Cloudburst, a geo-hydrological hazard, refers to a sudden and heavy rainfall that takes place within a short span of time and a particular space (Sati 2013 ). The intensity of rainfall is often more than 100 mm/h (Das et al. 2006 ). The disruptive events, cloudbursts occur during the monsoon season in the Himalaya and trigger debris flows, flash floods, landslides, and mass movements (Fig.  1 ). Fragile landscape, rough and rugged terrain, and precipitous slope accentuate the magnitude of geo-hydrological hazards. Cloudburst-triggered debris flows, flash floods, landslides, and mass movements have become more intensive and frequent worldwide, mainly in the mountainous regions, causing large-scale destruction of people, land, and property (Houghton et al. 1996 ; Wang et al. 2014 ; Mayowa et al. 2015 ; Malla et al. 2020 ; Sim et al. 2022 ). Similarly, the Himalayan region is prone to the occurrences of cloudburst-triggered hazards, causing huge loss of life and property and degradation of forest and arable lands (Bohra et al. 2006 ; Allen et al. 2013 ; Balakrishnan 2015 ; Ruiz-Villanueva et al. 2017 ).

Cloudburst-triggered hazards in the Uttarakhand Himalaya

The Uttarakhand Himalaya, one of the integrated parts of the Himalaya, is the most fragile landscape and prone to geo-hydrological hazards—cloudbursts, avalanches, and glacier bursts (Sati 2019 ). It receives many hazards mainly cloudburst-triggered debris flows, flash floods, landslides, and mass movements during the monsoon season every year. The intensity, frequency, and severity of these hazards have been observed to increase during the recent past. Devi ( 2015 ) stated that the changing monsoon patterns and increasing precipitation in the Himalaya are associated with catastrophic natural hazards. However, these hazards are the least understood because of the remoteness of the areas and lacking meteorological stations (Thayyen et al. 2013 ).

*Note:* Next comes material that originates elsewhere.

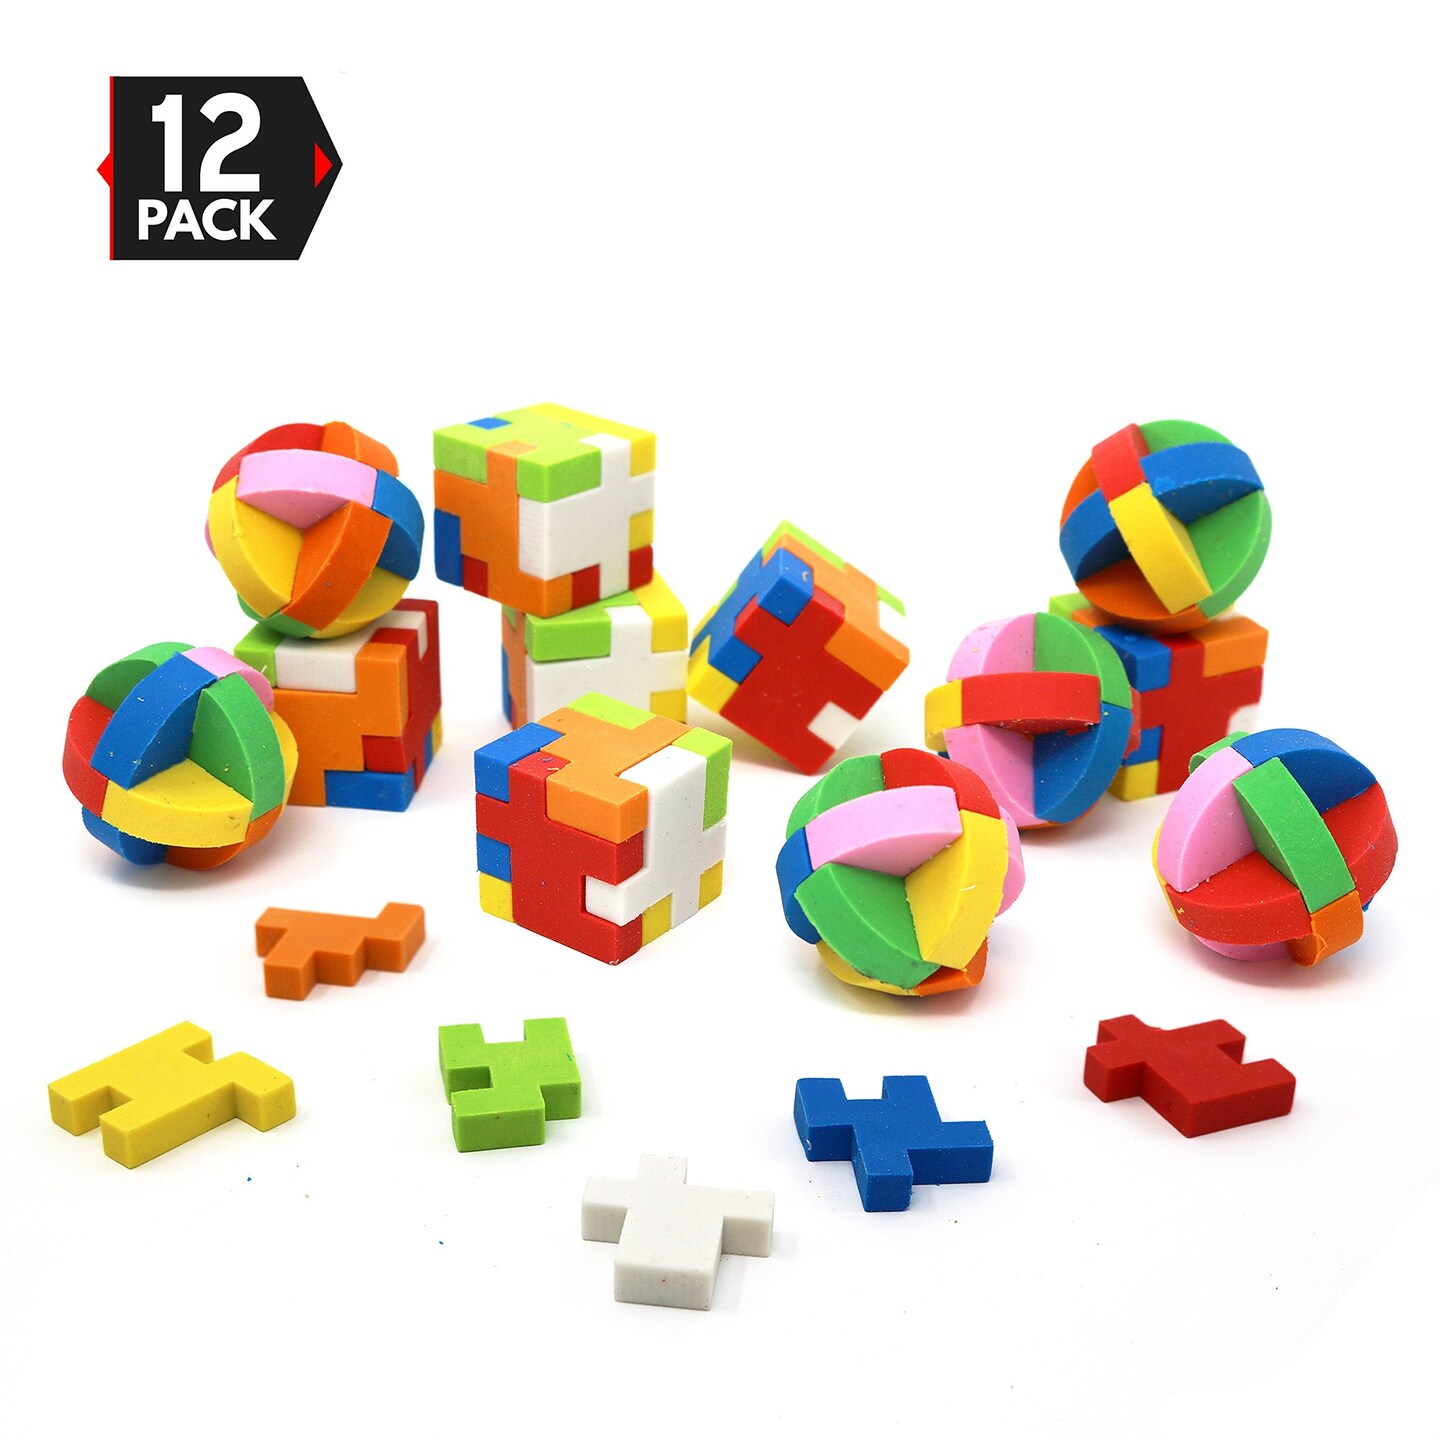 Big Mo&#x27;s Toys Puzzle Erasers - Individually Wrapped Goody Bag Party Favor And Stocking Stuffers Pencil Eraser - 6 Balls And 6 Cubes

The Uttarakhand Himalaya has many eco-sensitive zones, vulnerable to natural hazards mainly for geo-hydrological hazards. Every year, many cloudburst events occur here, cause to roadblocks, land degradation, forest and cropland loss, and losses of life and infrastructural facilities. One of the most devastating cloudburst-triggered debris flow events of this century occurred on the night of 16th and 17th June 2013 in the famous Hindu pilgrimage ‘Kedarnath’, which killed more than 10,000 people and devastated the entire Mandakini and Alaknanda river valleys (Upadhyay 2014 ; Sati 2013 ). The entire region had received 16 major geo-hydrological and terrestrial hazards within the last 50 years (Bhambri et al. 2016 ). Some of the devastating cloudburst-triggered debris flows and flash floods that occurred in the Uttarakhand Himalaya are Rudraprayag on 14th September 2012, Munsiyari on 18th August 2010, Kapkot on 19th August 2010, Nachni on 7th August 2009, Malpa and Ukhimath on 17th August 1998, Badrinath on 24th July 2004, and the Alaknanda River valley on 1970. About 20,000 people died and a huge loss of property took place due to these calamities (Das 2015 ). It has been noticed that these catastrophic events occurred mainly during the three months of the monsoon season—July, August, and September.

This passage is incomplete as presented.